- [DATA BELOW]:
------------------------------------
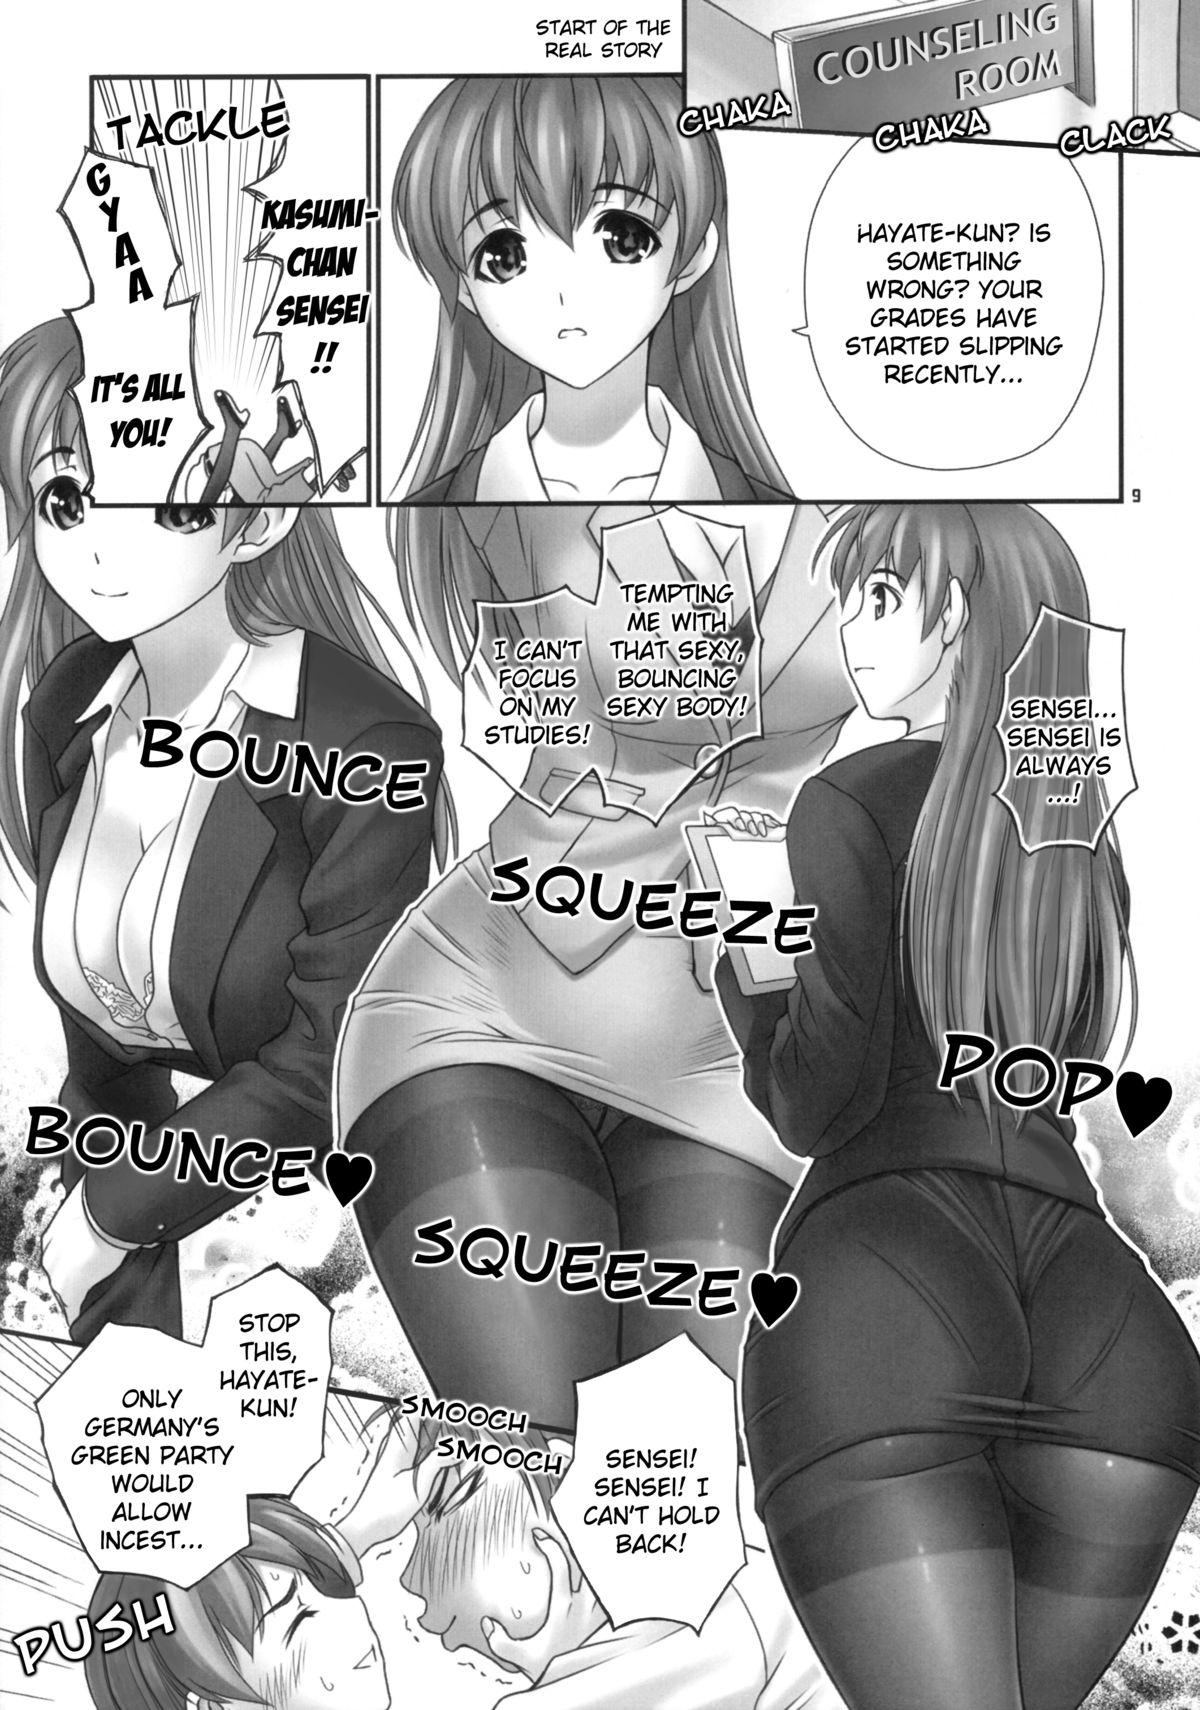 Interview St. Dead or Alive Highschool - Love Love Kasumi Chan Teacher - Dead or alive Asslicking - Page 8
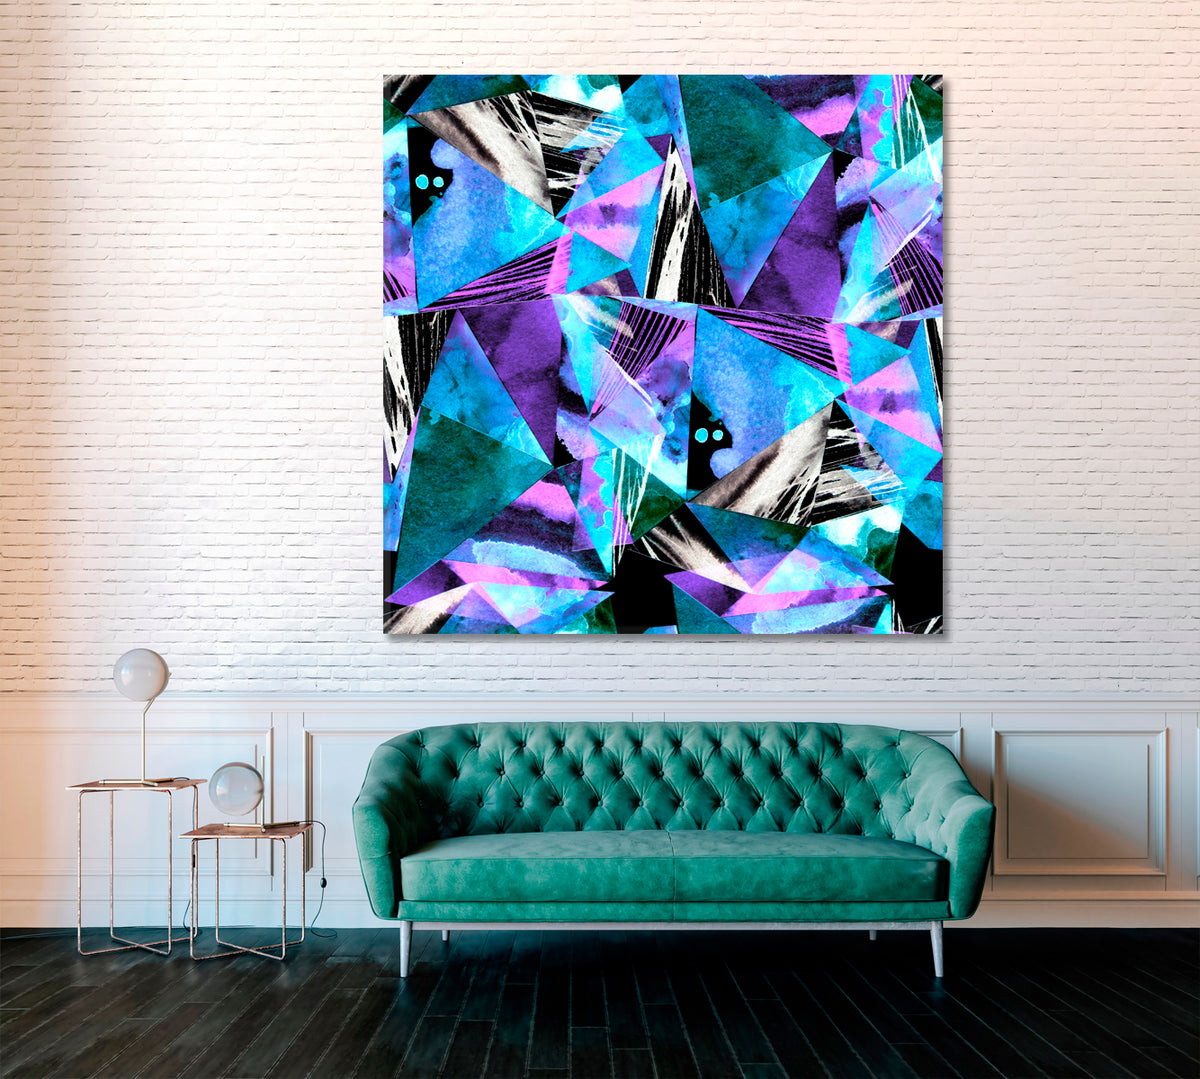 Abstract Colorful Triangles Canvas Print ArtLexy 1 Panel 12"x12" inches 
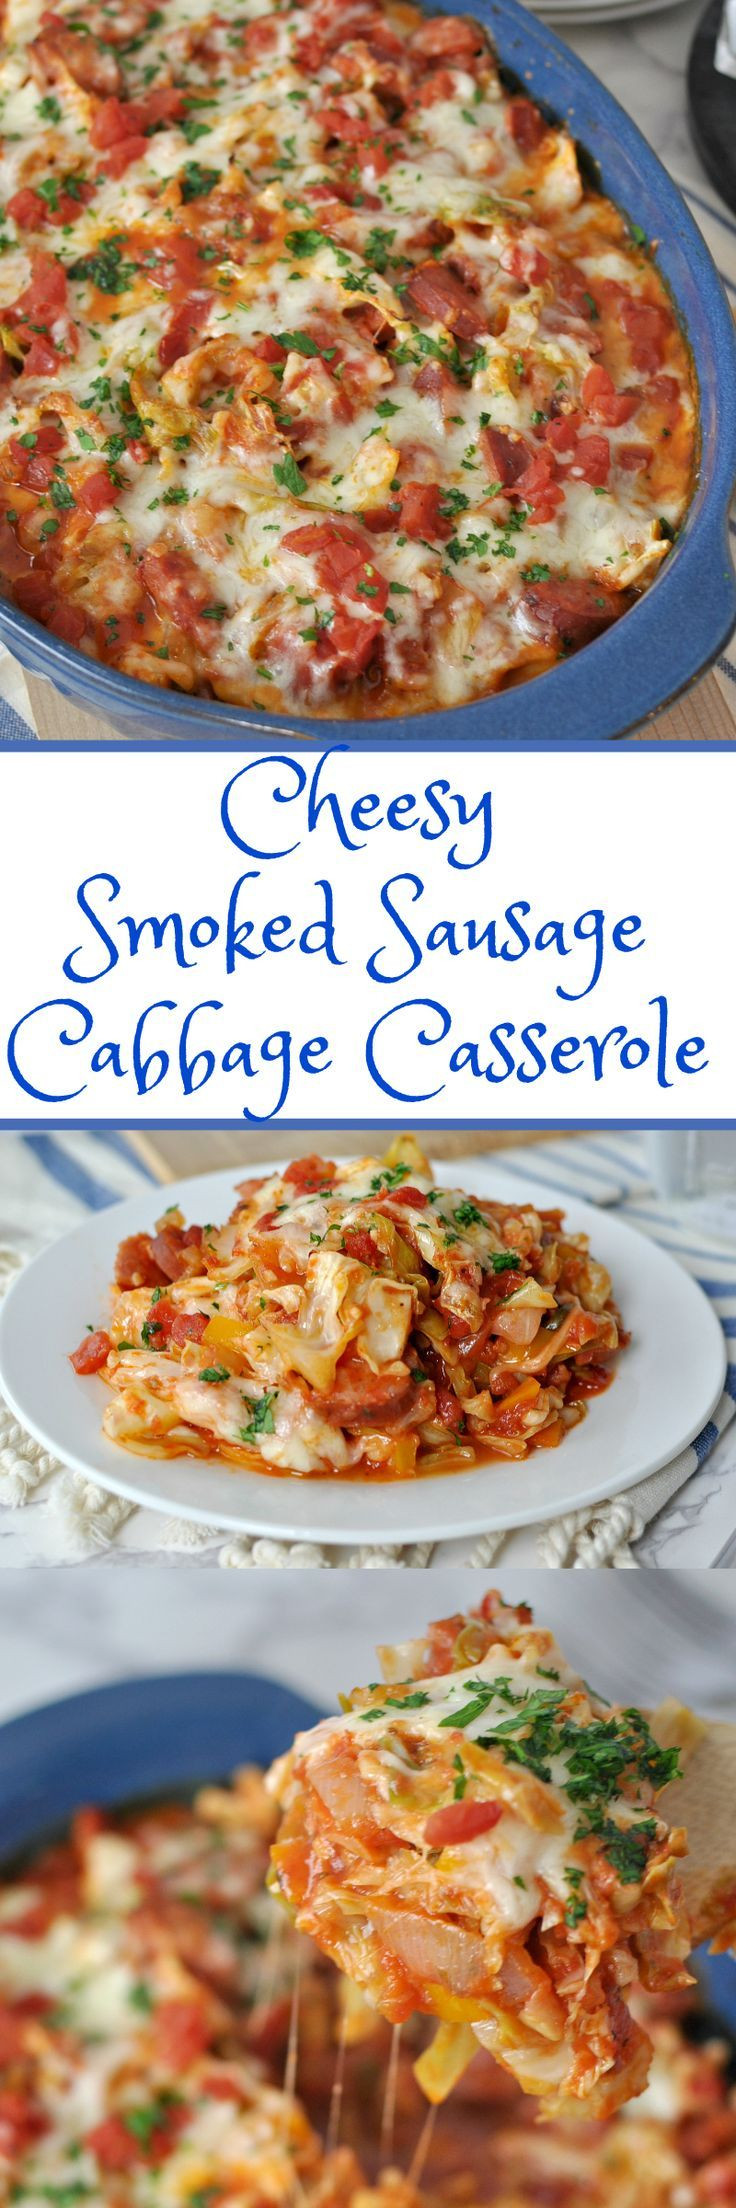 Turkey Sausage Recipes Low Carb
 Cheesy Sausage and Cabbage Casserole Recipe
------------------------------------
- [AIM OF THE EXERCISE]: Line by line, return the listing above exactly, leaving out its pictures.

- [ANSWER FOR THE TASK]:
 Interview St. Dead or Alive Highschool - Love Love Kasumi Chan Teacher - Dead or alive Asslicking - Page 8
 Abstract Colorful Triangles Canvas Print ArtLexy 1 Panel 12"x12" inches 
 Turkey Sausage Recipes Low Carb
 Cheesy Sausage and Cabbage Casserole Recipe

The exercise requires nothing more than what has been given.